Our dog trainer was very impressed when we said that our breeder had already used a cd with noises on - though being in England she said the gun shots were a bit out of place

After care and interest has been fantastic ! 
She is happy for us to call anytime when we are having a panic attack - and boy we have as you no doubt can appreciate - always giving great advice and comfort.
We often send her an update of Poppy's progress, and she says she loves seeing the pictures.
She has lent us her clippers, and actually shown us how to do stuff when we visited with Poppy. ( Strange visit in so far as Poppy's mum was not that keen on seeing Poppy).

To be fair our breeder lives just a 15 minuite drive away, so that may reflect some elements of 'aftercare', but is a great bonus.

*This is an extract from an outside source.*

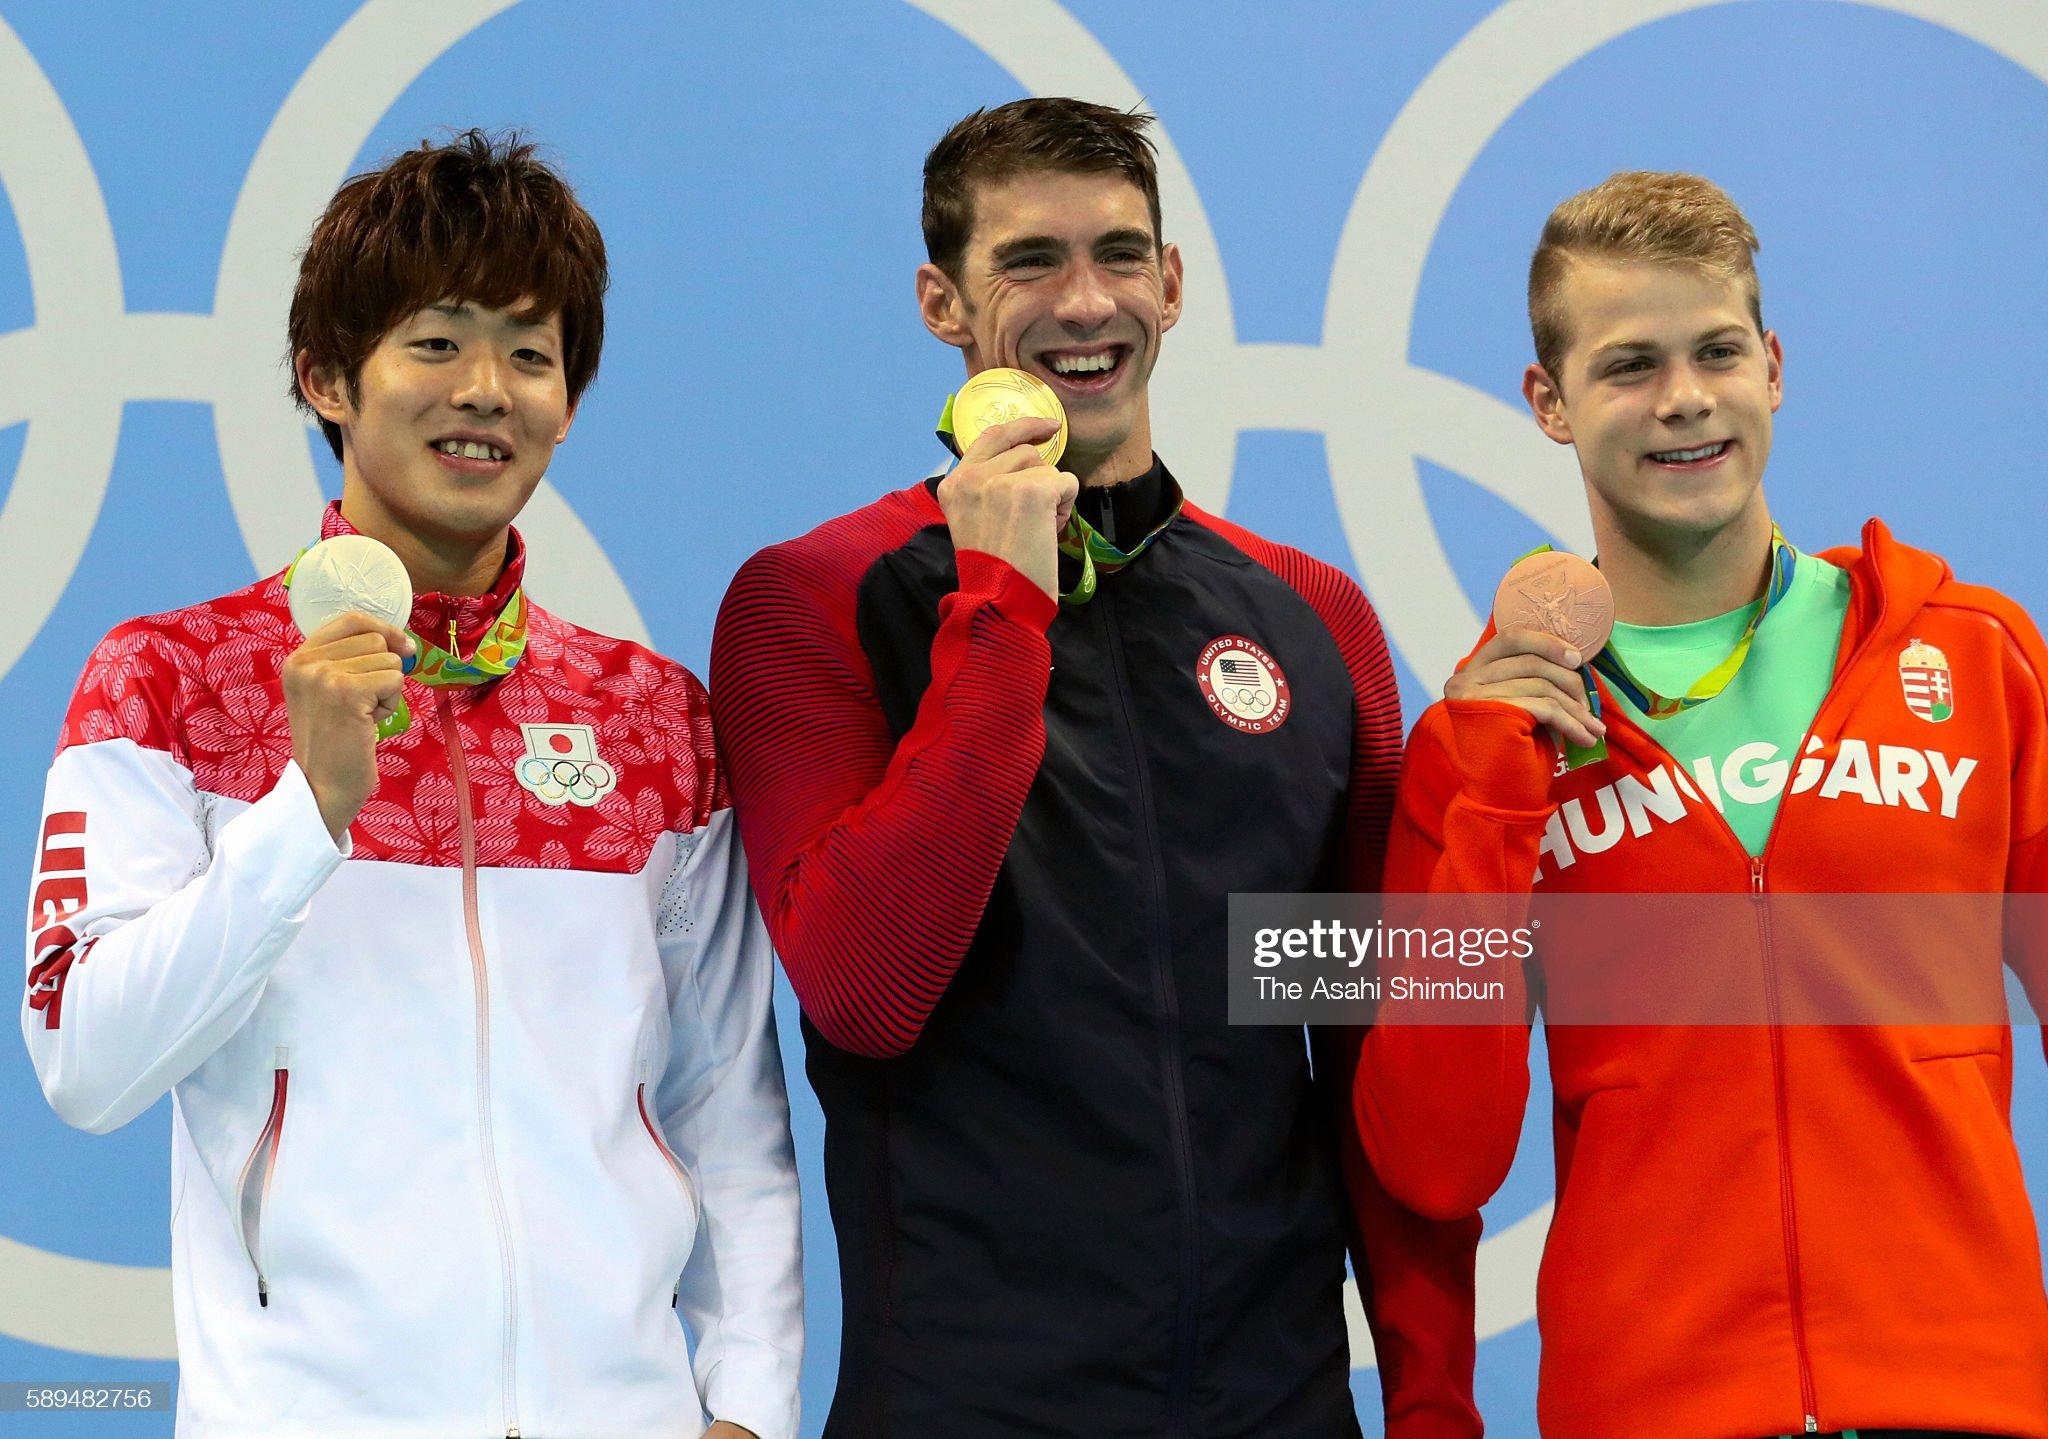 Swimming - Olympics: Day 4 : Fotografía de noticias

Ha! In all the excitment we forgot to register Poppy under our name with the KC!
Our breeder did have to remind us of that!

One thing for sure a good breeder is essential, and any doubts about them should have you looking elsewhere.


----------



## SunnySandi (Jul 26, 2021)

Basil_the_Spoo said:


> Just curious... what's your budget?
> 
> I'm not sure where your mindset is, but shopping for a poodle isn't like shopping for a car. The upfront cost to a breeder isn't where you want to nickle-and-dime, and perhaps why leading with price is giving you the communication result that you're seeing.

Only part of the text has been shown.